Each peer has 2 of these:

  • Incoming sync query -- which documents does the peer want to get?
  • Outgoing sync query -- which documents is the peer willing to share?

For example, an incoming sync query of {pathStartsWith: "/wiki/"} means you only want to get wiki-related documents.

You could also use an incoming sync query to only get recent documents from the last week.

An outgoing sync query of {author: "@suzy.b12345...."} means you're only willing to upload documents by a specific author, perhaps yourself.

Docs have to match the queries of both peers in order to be sent. Since each peer has 2 of these queries, there are 4 in total to consider:

A pushes to B:
Peer A --(A's outgoing query)--> --(B's incoming query)--> Peer B
A pulls from B:
Peer A <--(A's incoming query)-- <--(B's outgoing query)-- Peer B

Efficient sync (not implemented yet)#

Pull Protocol#

Goals:

  • Protocol can be interrupted and resumed later
  • Nothing breaks if the documents change in the middle of syncing (e.g. because the user edits something).
  • This protocol can be running in parallel, syncing with several peers at the same time

Challenges:

  • We can't pre-compute a giant Merkle Tree because each peer might request a different subset of the data using a sync query
  • This is more than just set replication, because documents are mutable, so we need to include the document timestamps in there somewhere so we can know which one is newer.

Overview

  • Client asks for documents in batches of 1000
  • Server sends minimal details about the documents
  • Client figures out which ones it needs and asks for the full documents
// client pull
Client:
Tell me timestamps for the first 1000 documents that match my incoming query {...}.
Server:
I will query my docs that match the client's incoming query AND server's outgoing query, limit 1000.
return [
{path: '...', author: '...', timestamp: 15000000},
{path: '...', author: '...', timestamp: 15000000},
...
]
Client:
I will figure out which of those are completely new to me,
or newer than an existing doc that I have.
I will ask for details on the ones I need.
Client:
Tell me details for [{path: '...', author: '...'}, {...}]
Server:
return the complete documents
Client:
I have now finished the first batch of 1000.
Tell me timestamps for documents that match my incoming query,
and are sorted after the last one you sent {path: '...', author: '...'}.
Server:
(same as above)
Repeat until server returns an emtpy array.

Push protocol#

TODO. It's almost the same as above but with the roles reversed.

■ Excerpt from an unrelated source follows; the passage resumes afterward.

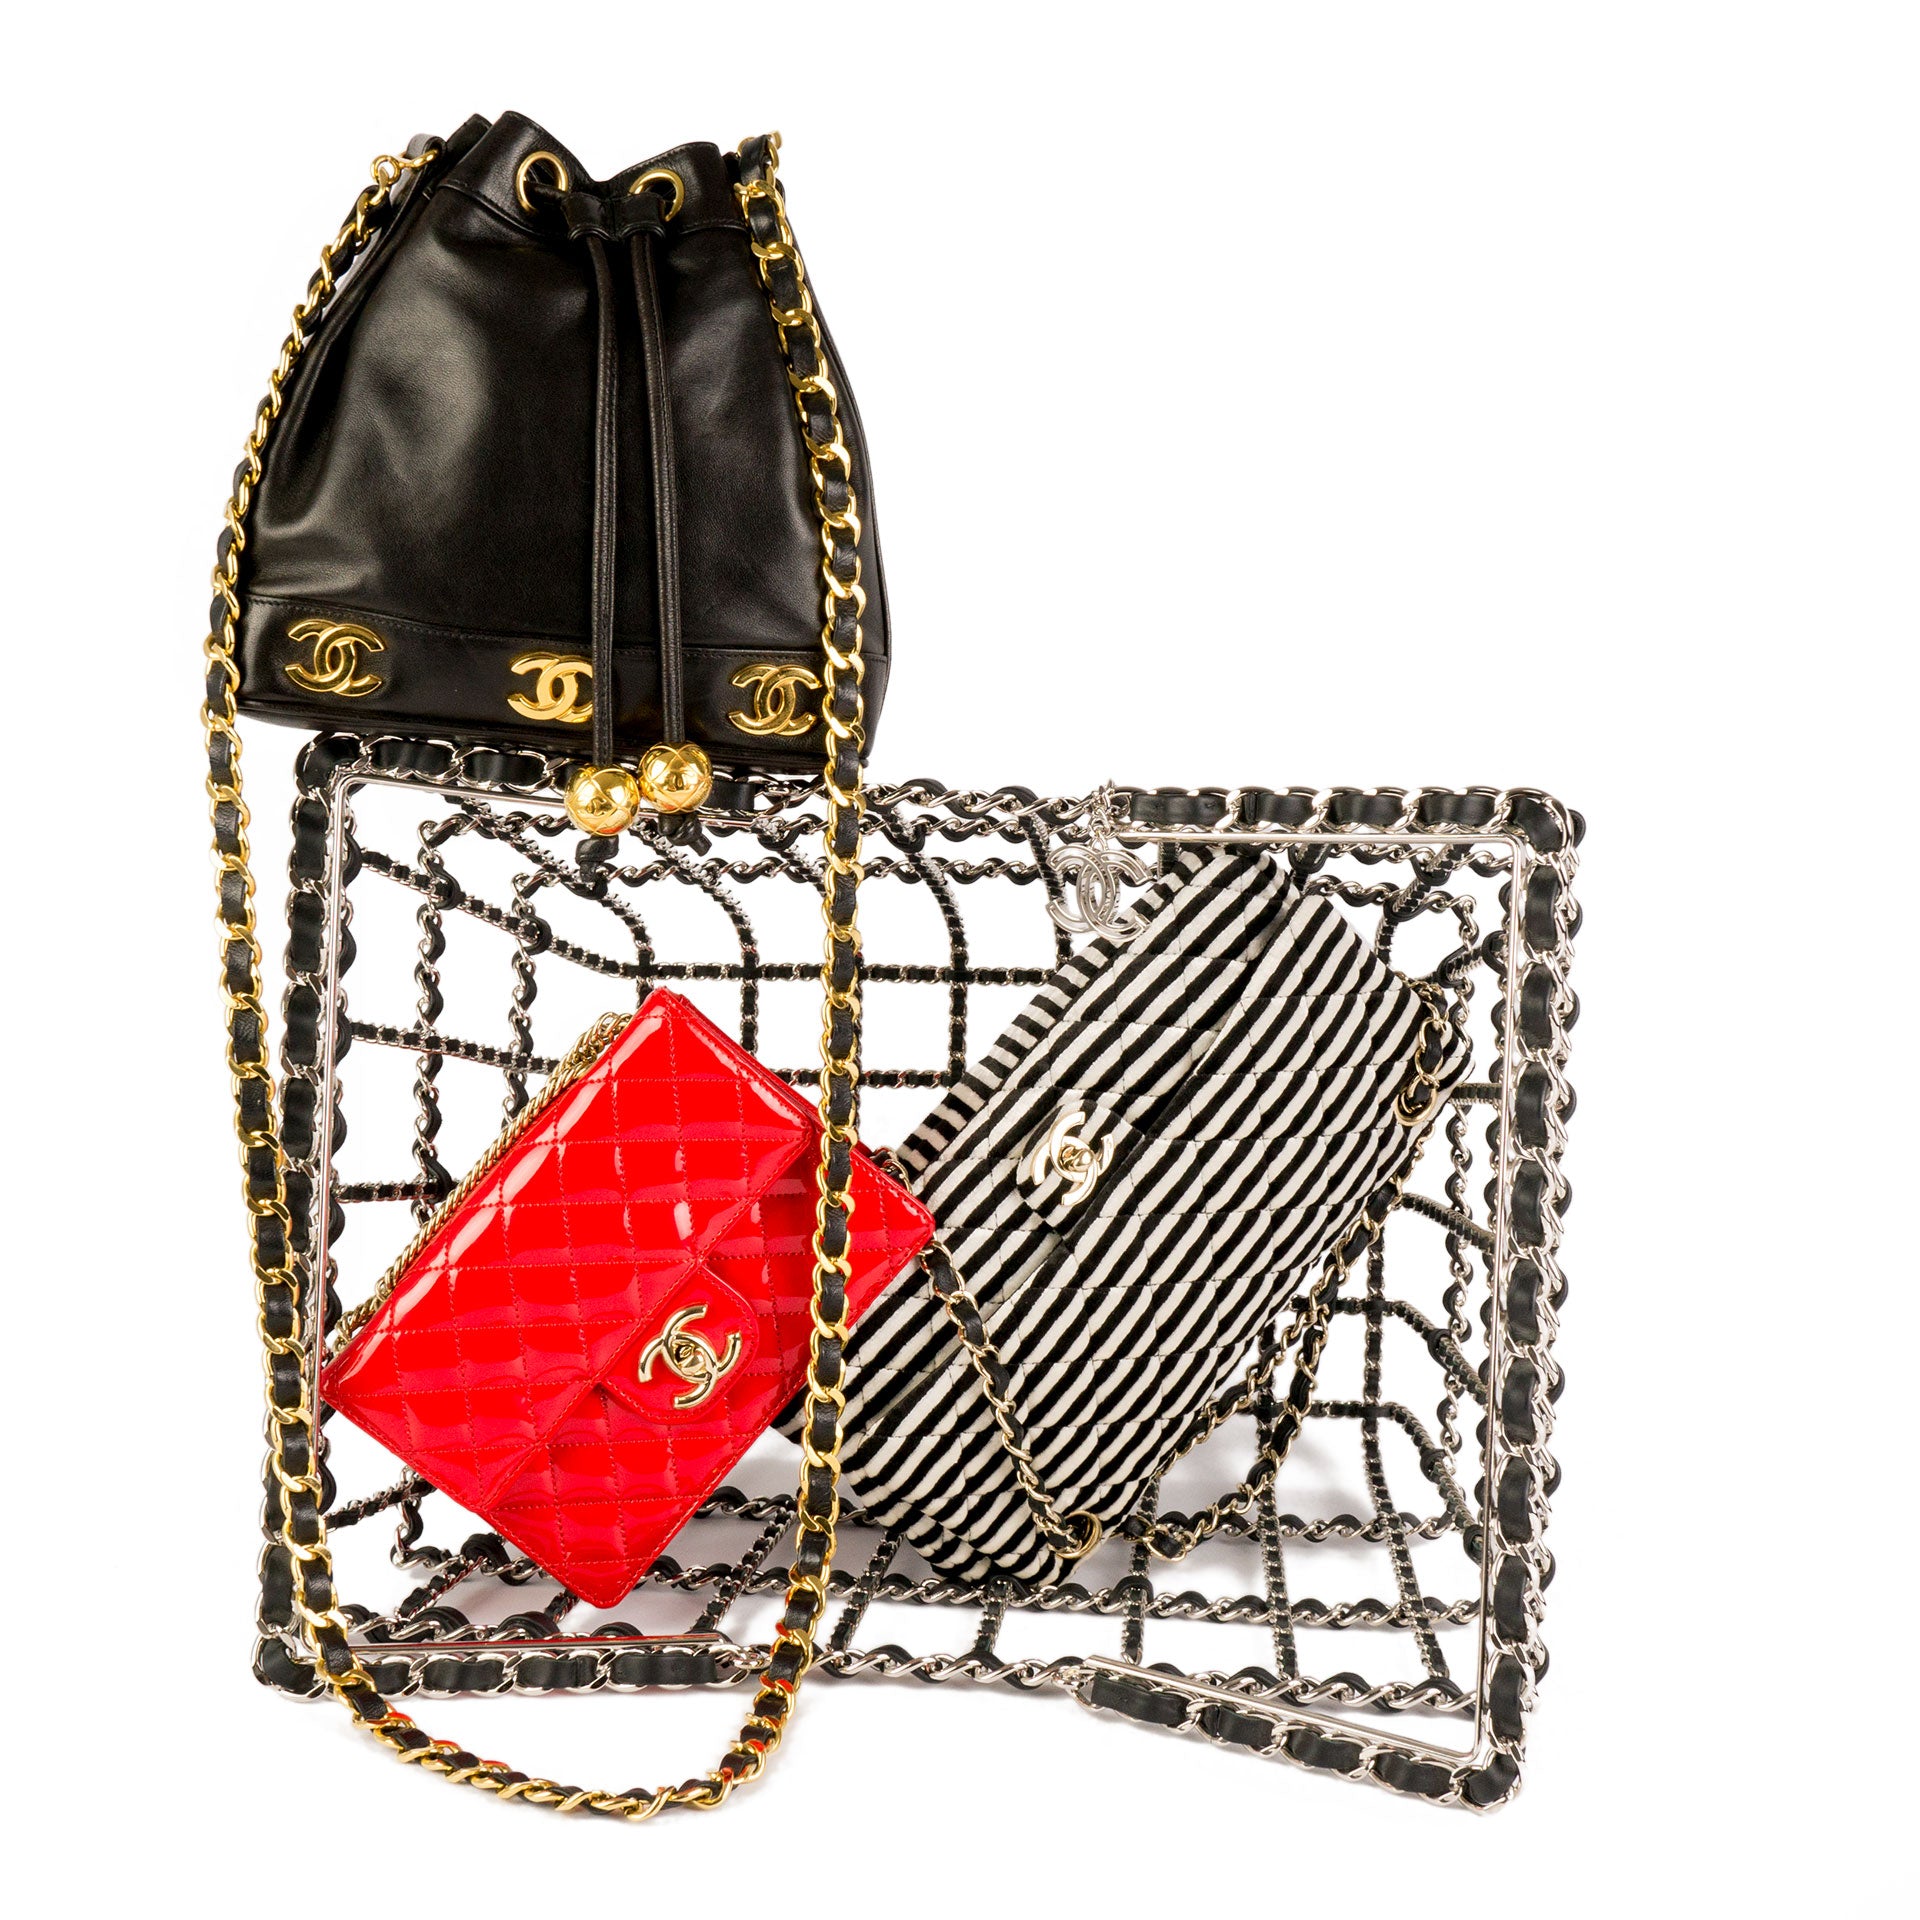 Chanel's Fall 2014 Bags Were as Fantastically Crazy as We've Come to Expect  - PurseBlog

Notes and optimization ideas#

  • The default sort order is alphabetical by path. This could be configurable. The receiving peer should declare its desired sort order in its incoming sync query. Other choices could be oldest-first and newest-first (by document.timestamp).

  • The client could predict the server's list of {path,author,timestamp}. The server can send just the sha256 hash of this list, and the client will know if it matches its own prediction. For this to work:

    • We need to define how to encode the list before hashing it. JSON is not deterministic enough.
    • The client will have to ask the server for its outgoing sync query, and both sides will have to query and sort results in exactly the same way.
  • When the client requests full details of some documents, it can combine its requests into several range queries like {path_gte: "/wiki/Banana", path_lte: "/wiki/Grape"}

  • Peers could keep track of an additional property of documents, "timestamp received by me", which would increase monotonically within each peer. Peers could then remember "Last time I talked to Peer X, they gave me a doc they received at 17227308273. Now I can resume from that point".

    • Peers would have to remember each other by device ID, not just by author address.
    • This only works if syncing sorted oldest-first by timestampReceived, and if the sync query has not changed. Otherwise you might have a gap in the documents which would never be filled.
    • If a peer does something drastic like removing a workspace and adding it back again, they might need to reset their deviceID.
    • There is reduced privacy if you can know a device's deviceID and the timestampReceived of its documents. You could figure out which device is the original source for a document by comparing those timestamps, and you could learn when a user is on their phone, their home computer or work computer.